Evgen Pharma targets cancer stem cells to reverse the resistance to hormone treatment seen in ER+ breast cancer
January 15, 2018Evgen Pharma, a clinical stage drug development company focused on cancer and neurological conditions, will showcase the results of mechanistic studies into its lead compound SFX-01, in breast cancer at the UK Interdisciplinary Breast Cancer Symposium 2018, Manchester.

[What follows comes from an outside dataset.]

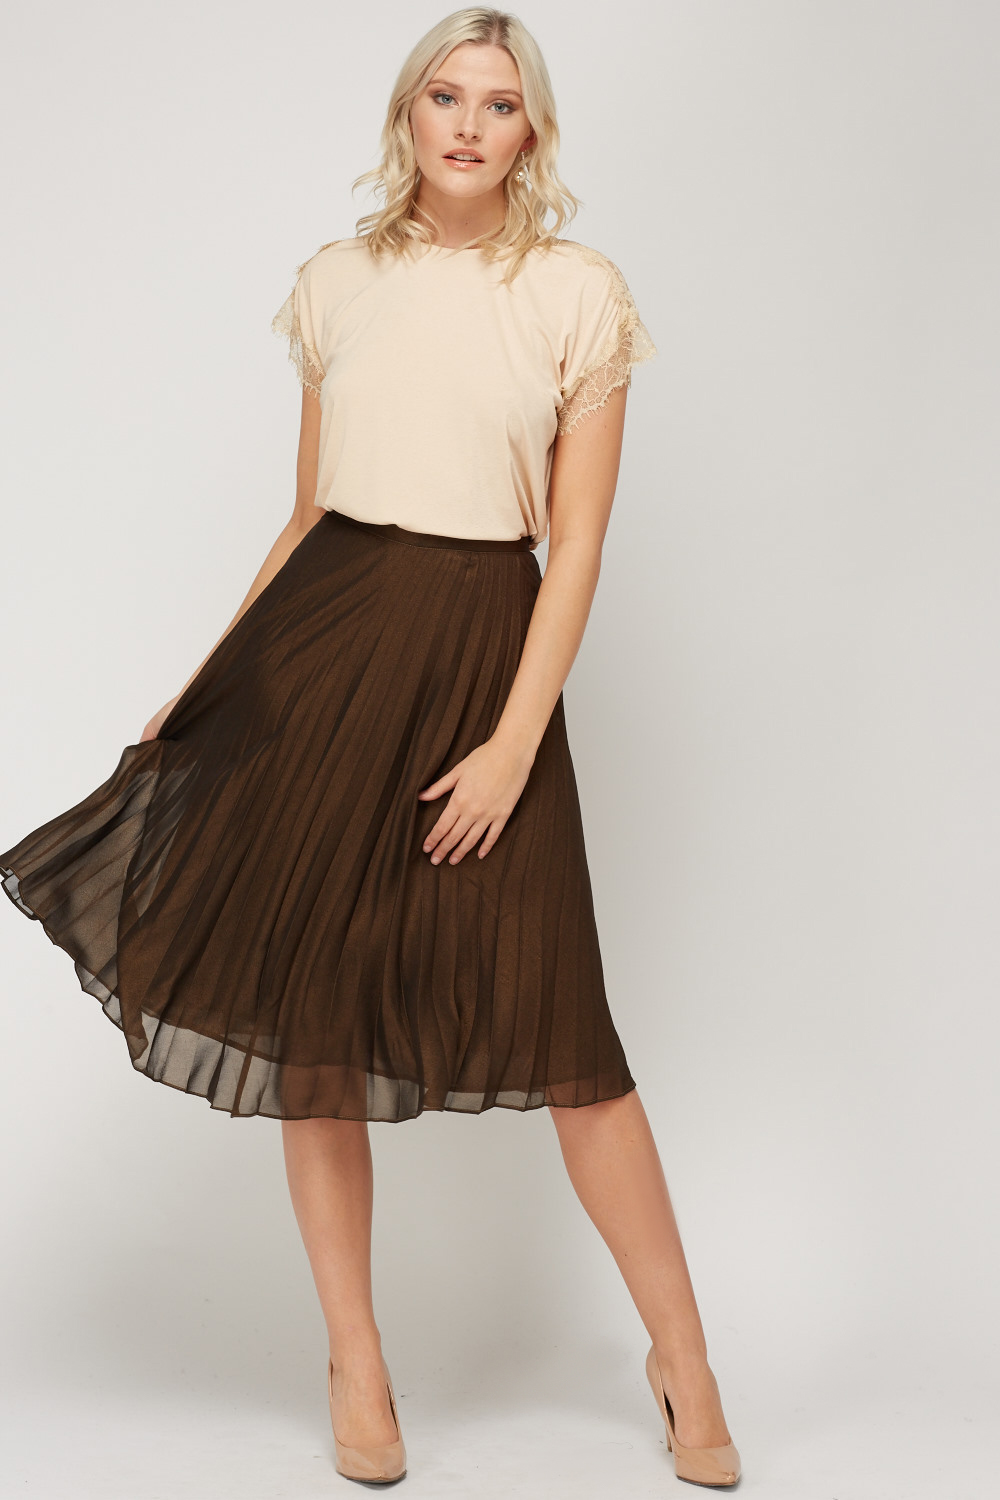 High Waist Pleated Midi Skirt - Just $7

Evgen noted that the studies used patient samples and patient-derived tumour models to show that SFX-01 targets cancer stem cells (CSC) in early and metastatic breast cancers and has the potential to overcome resistance to endocrine treatment in oestrogen-receptor positive (ER+) breast cancers. The company pointed out that the studies also showed that SFX-01 potently suppressed the elevated levels of phospho-STAT3 seen after endocrine treatment. Investigations are continuing into the role of STAT3 signalling effectors as part of this mechanism of action.
The poster concludes that the study data “demonstrate the potential of SFX-01 for clinically meaningful improvements to endocrine therapy in ER+ breast cancer by reversing CSC-mediated resistance”, Evgen announced.

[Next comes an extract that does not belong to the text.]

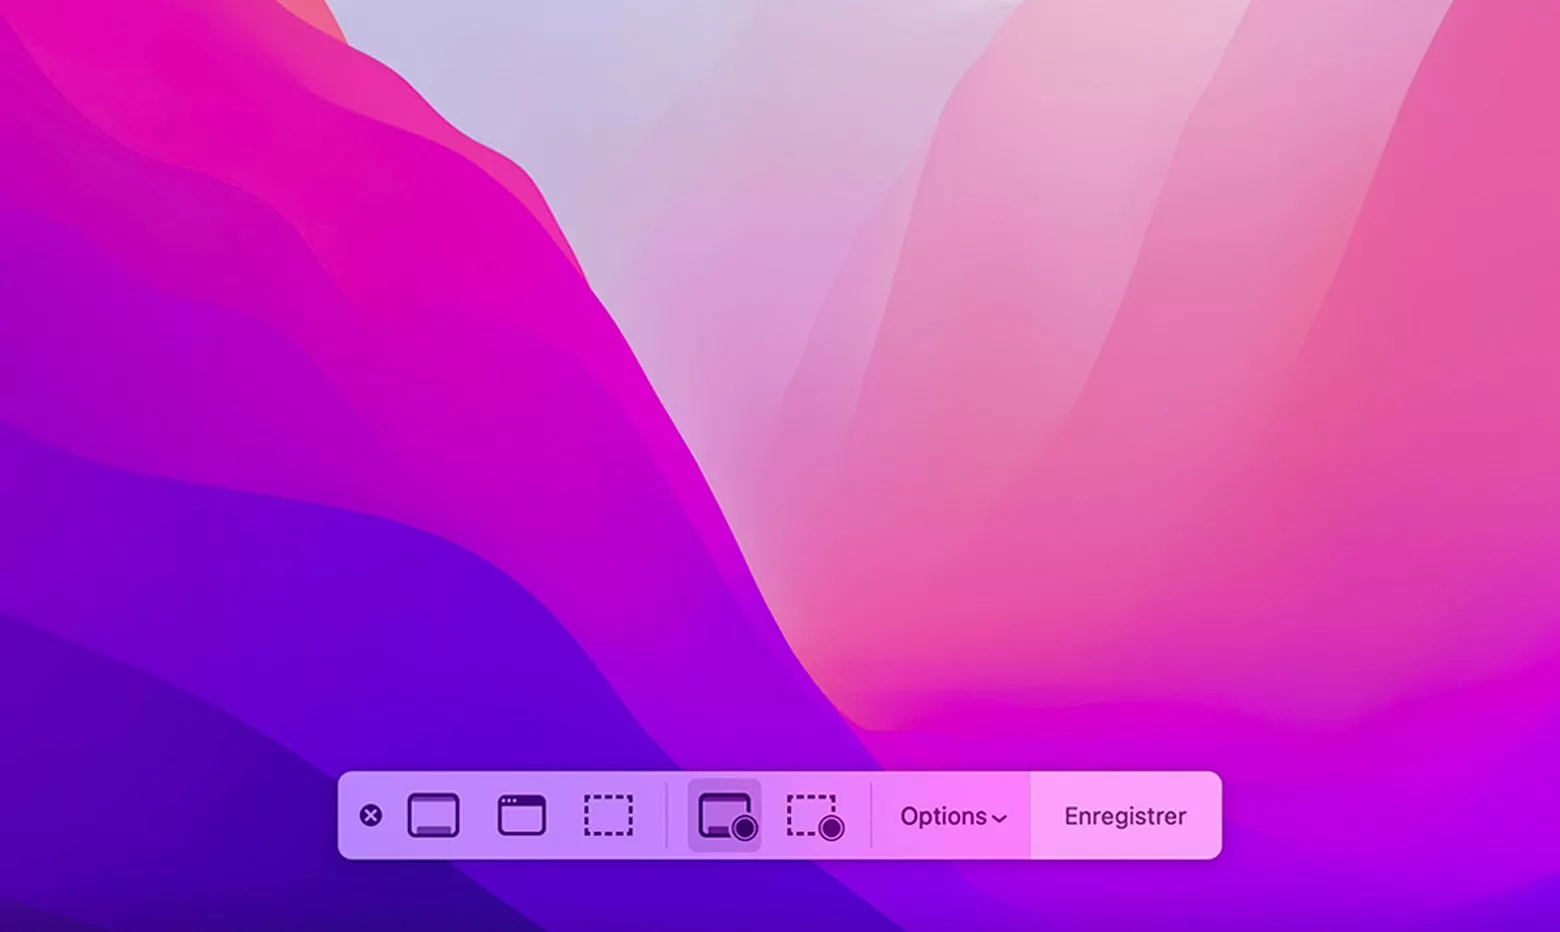 Interface utilisateur colorée avec boutons d’options.

The lead authors of the poster are Dr Bruno Simões and Dr Rob Clarke. Dr Clarke, who led the studies, is a Reader in Breast Biology and is the Director of the Manchester Breast Cancer Now Research Unit at the University of Manchester.
Steve Franklin, CEO of Evgen Pharma, said: “We are very excited by this data, which provides further evidence that SFX-01’s mechanism of action is to target cancer stem cells to reverse the resistance to hormone treatment seen in ER+ breast cancer. I would like to thank Dr Clarke and his team for their on-going work on SFX-01. The team’s work highlights the effect of SFX-01 on STAT3, which is well known to play a key role in tumour renewal and metastases.
“This mechanistic work supports our on-going Phase II clinical trial of SFX-01 in metastatic breast cancer patients. We look forward to reporting an interim update from the Phase II trial in the first half of this calendar year followed by the final read-out around the year-end.”